Voodoo Taxman is a gag app. Let's establish that right away. The whole thing was obviously drawn in MS Paint, and there's no purpose to it, per se. But when has that ever stopped anyone? Sometimes all you need is a bit of good old-fashioned stress relief, and torture is the oldest form of entertainment!
The app opens to a blank office-like environment, with a single odd feature: the "I <3 SATAN" sign. (I have to admit that I love the decor.) Wait a second (or tilt your iPhone), and the angry, glasses-wearing, stiff-necked tax collector himself slides into view, along with some money bags. Egads!

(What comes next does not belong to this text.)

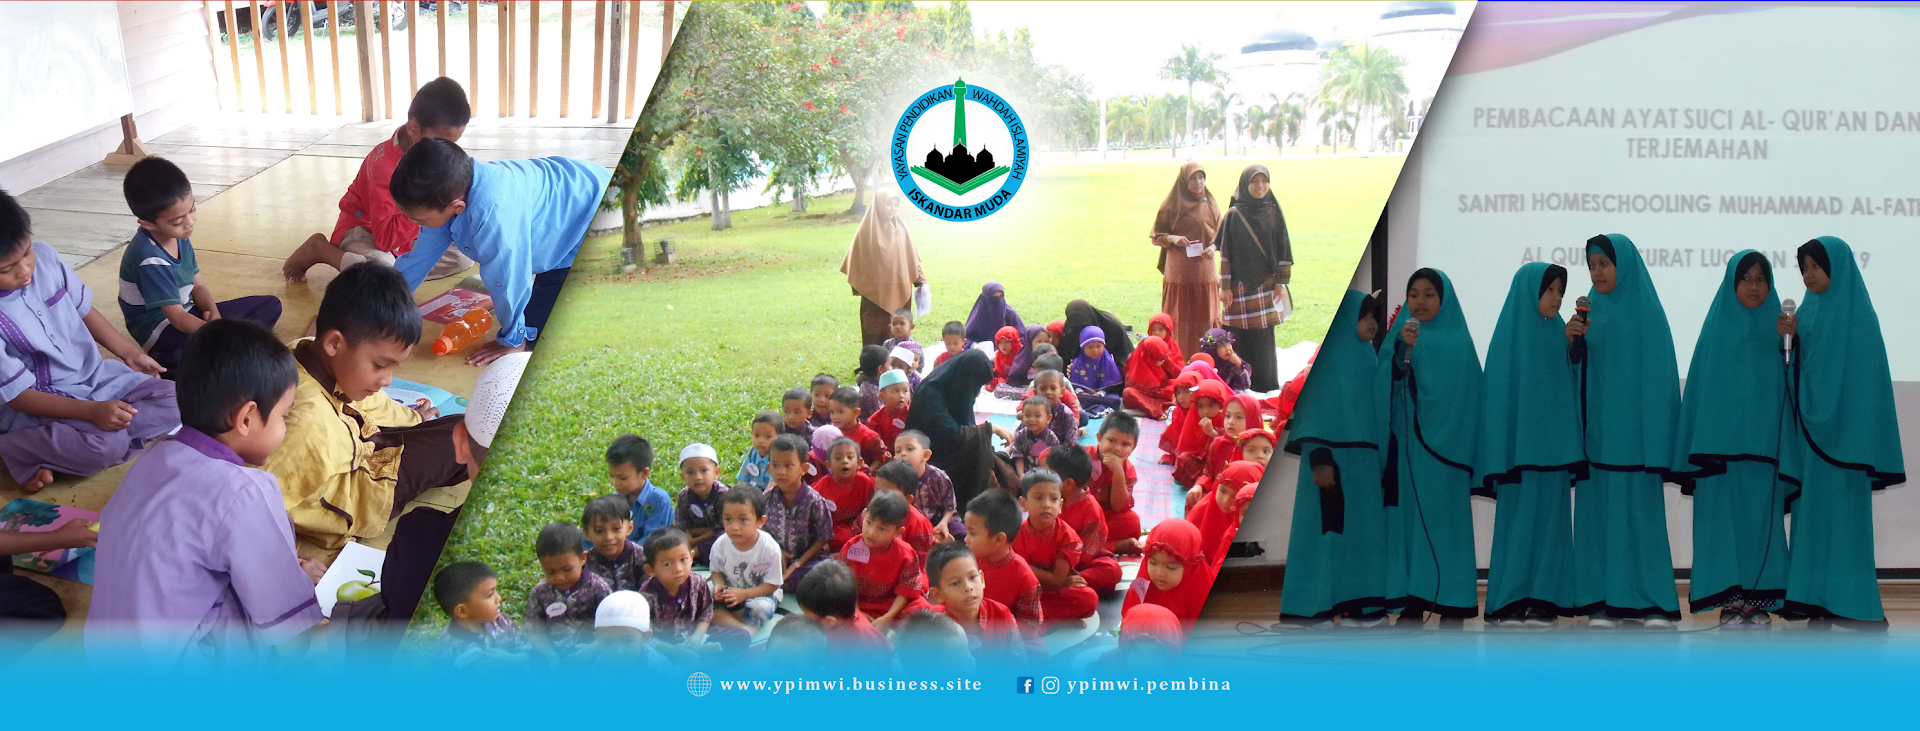 Yayasan Pendidikan Iskandar Muda Wahdah Islamiyah (pembina) Photo

From there, you have a few options. You can shake your iPhone or tilt it to smash the taxman against the wall, or you can poke him in the face to break his glasses. Grabbing him by a limb and shaking will yield some money. That's pretty much the extent of the app. The guy collects bruises and scratches as you abuse him (though, alas, there's never any blood), and the money scatters throughout his tiny little office.
Sure, it's a nifty idea. But it's not as if this is a serious app, and the devs obviously didn't shower their creation with loving efforts. As far as I can tell, multitouch isn't supported. The sound effects, while amusing at first, are minimal and repetitive. The graphics are rough at best (MS Paint! The horror!) and the animations are jerky and awkward. To be honest, the novelty of "sticking it to the taxman" (to quote the iTunes description) wears off in about thirty seconds.
So, is this a funny idea? Heck yeah. Would I waste my money on it? Er, well...no. Just...no. Go get one of the other great apps on sale for a dollar. I'm sure you'll find something (I'm thinking of Pocket God, if you want to fill that sadistic urge). In the meantime, have fun with those taxes!